● Source data:
• • •

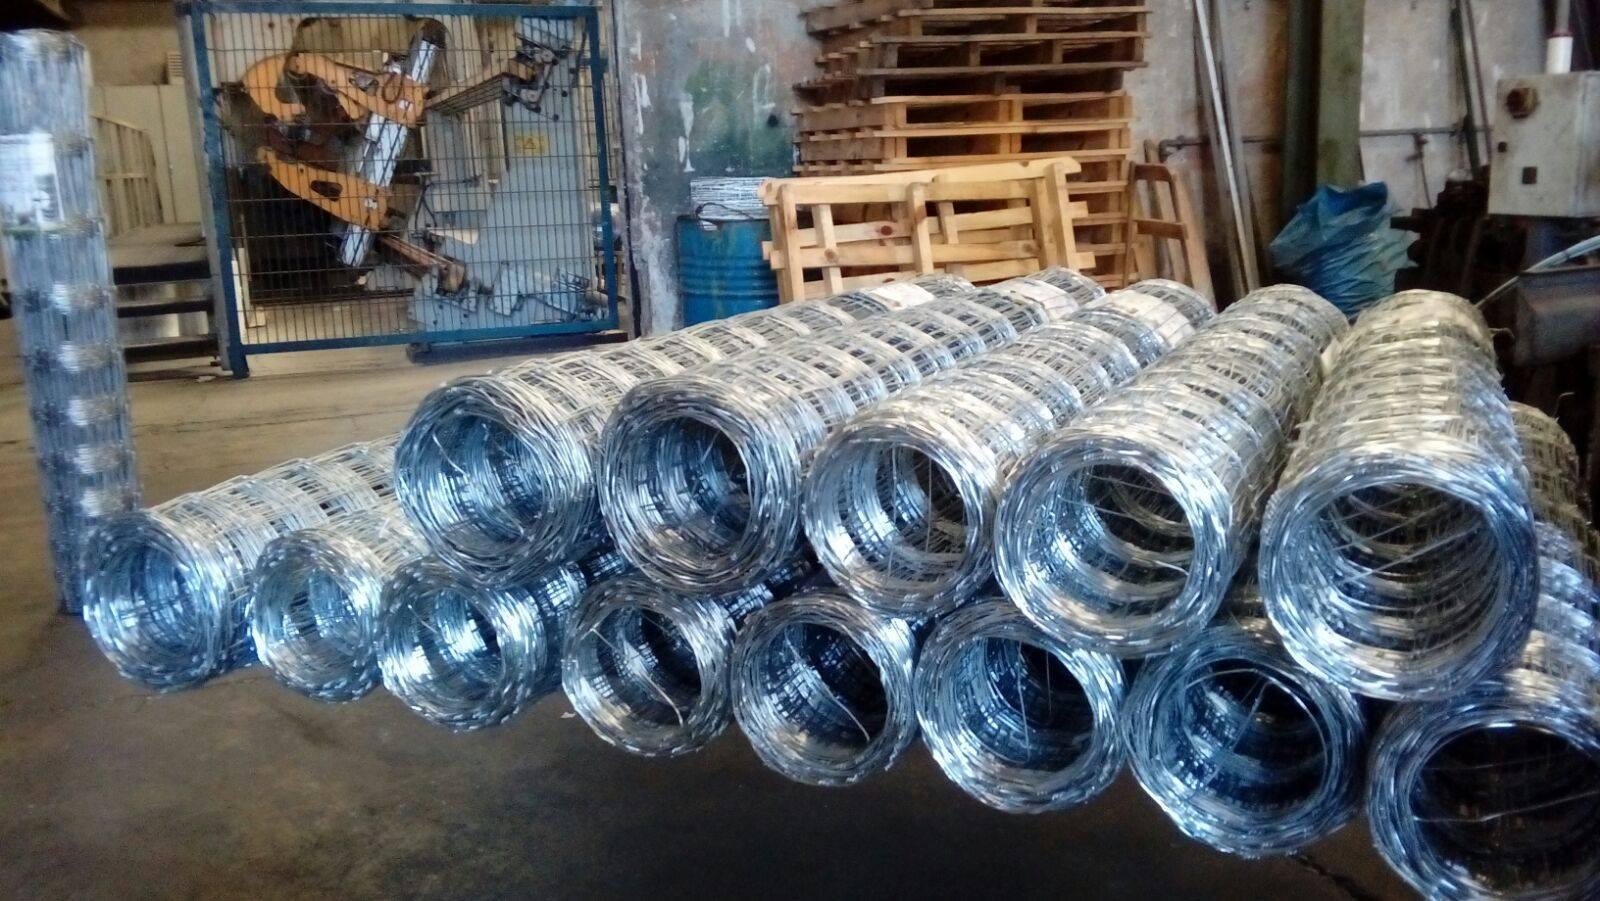 Reti e Pannelli - Reti Plastificate - Reti Zincate - Reti per l'Edilizia - Pannelli - Reti in plastica
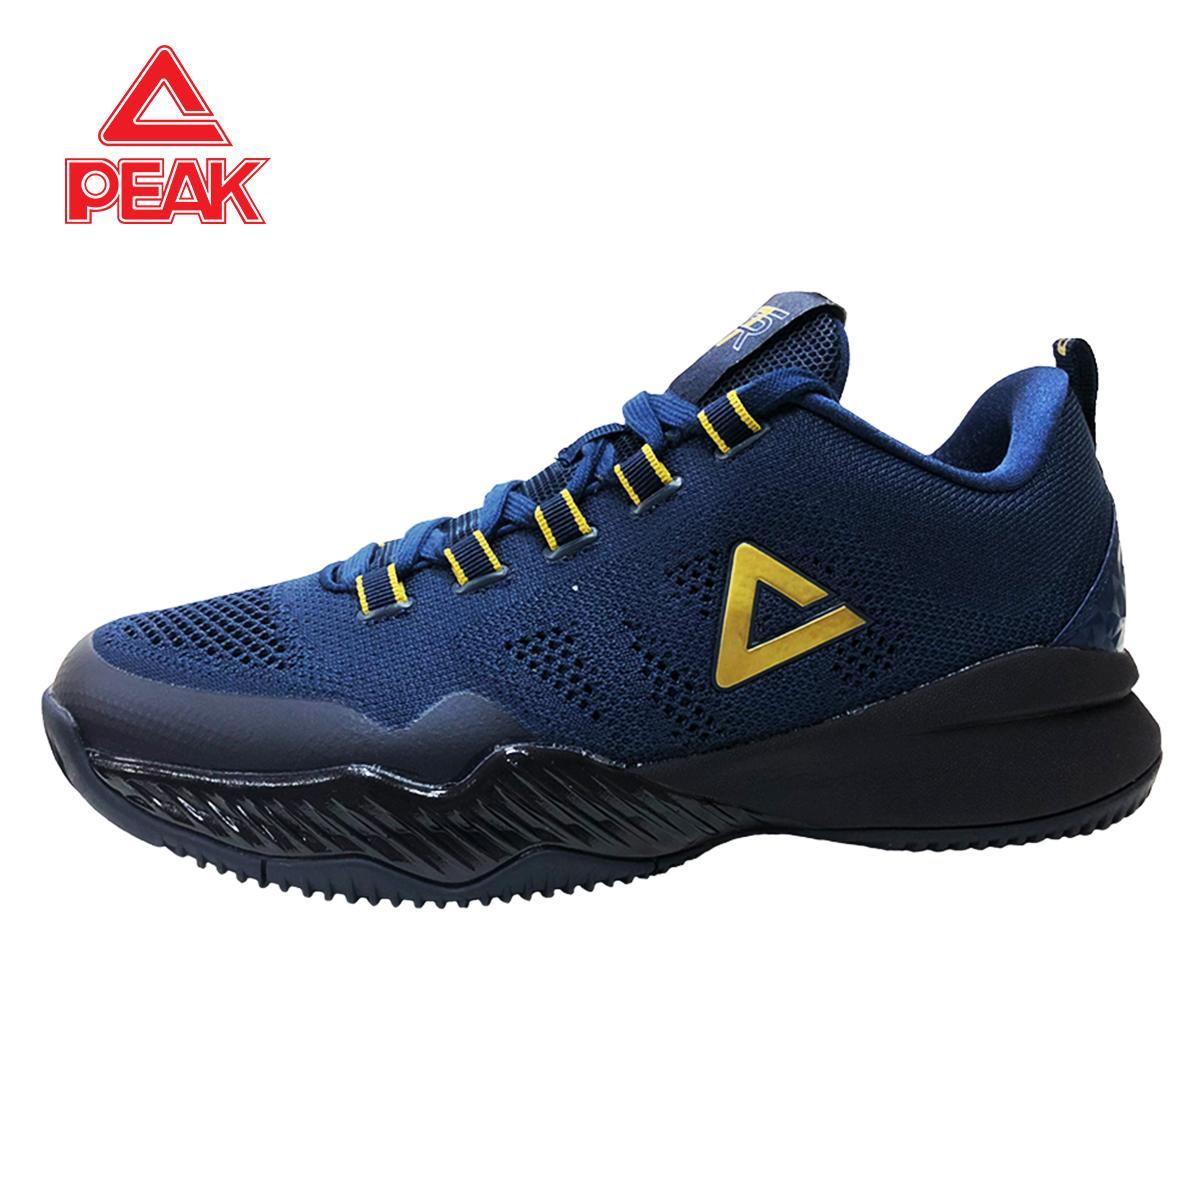 8afbdf9b37f Peak Philippines  Peak price list - Peak Slippers   Sneakers for Men ...
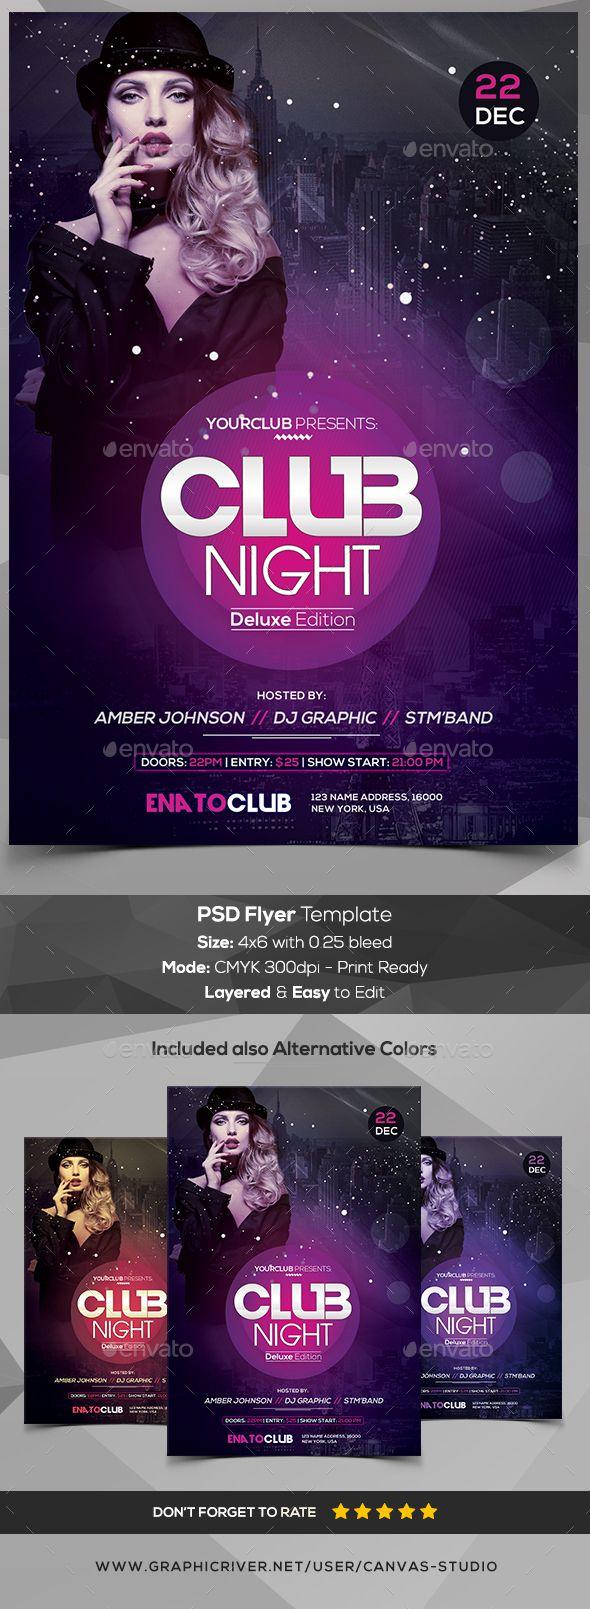 Club Party Flyer Templates Photoshop Downoad Timiznceptzmusic
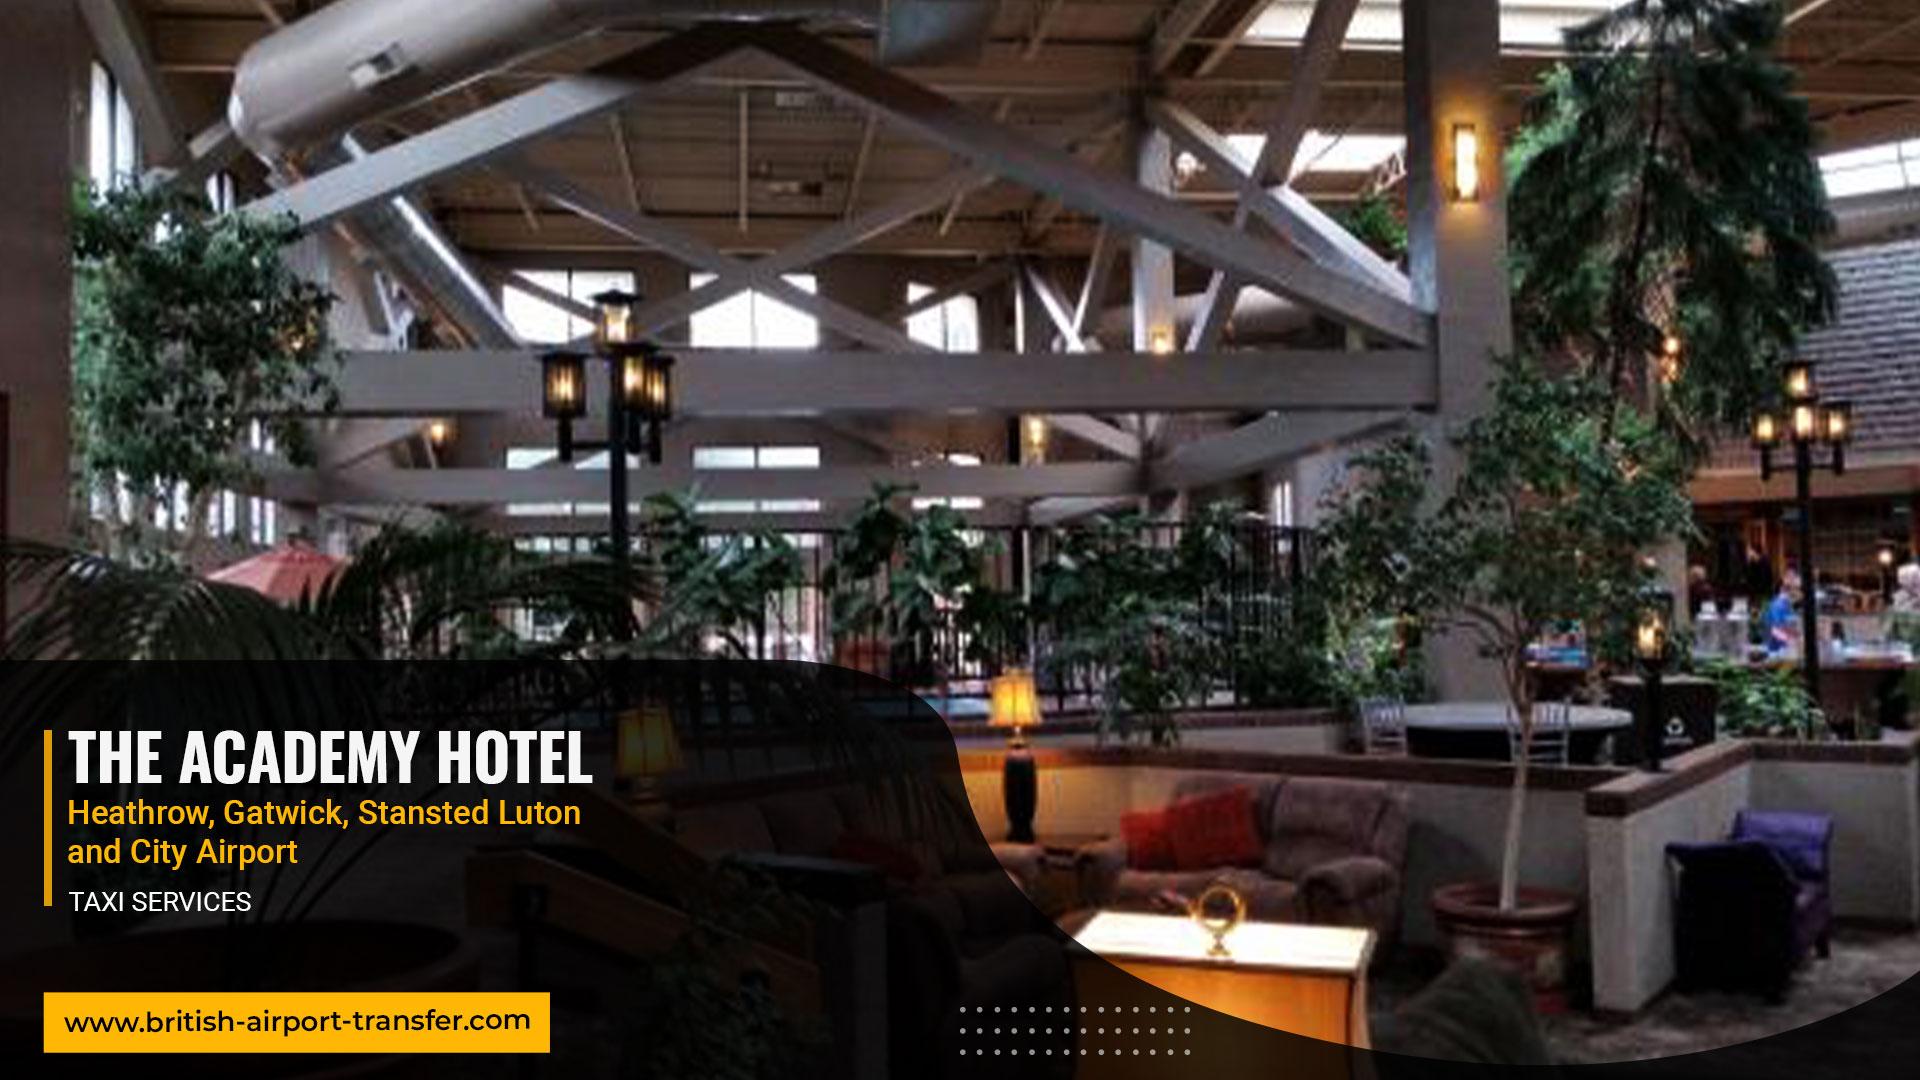 Taxi Service – The Academy Hotel / WC1E 6HG

• • •

Copy the material shown above in full and exactly. Skip the pictures.

 Reti e Pannelli - Reti Plastificate - Reti Zincate - Reti per l'Edilizia - Pannelli - Reti in plastica
 8afbdf9b37f Peak Philippines  Peak price list - Peak Slippers   Sneakers for Men ...
 Club Party Flyer Templates Photoshop Downoad Timiznceptzmusic
 Taxi Service – The Academy Hotel / WC1E 6HG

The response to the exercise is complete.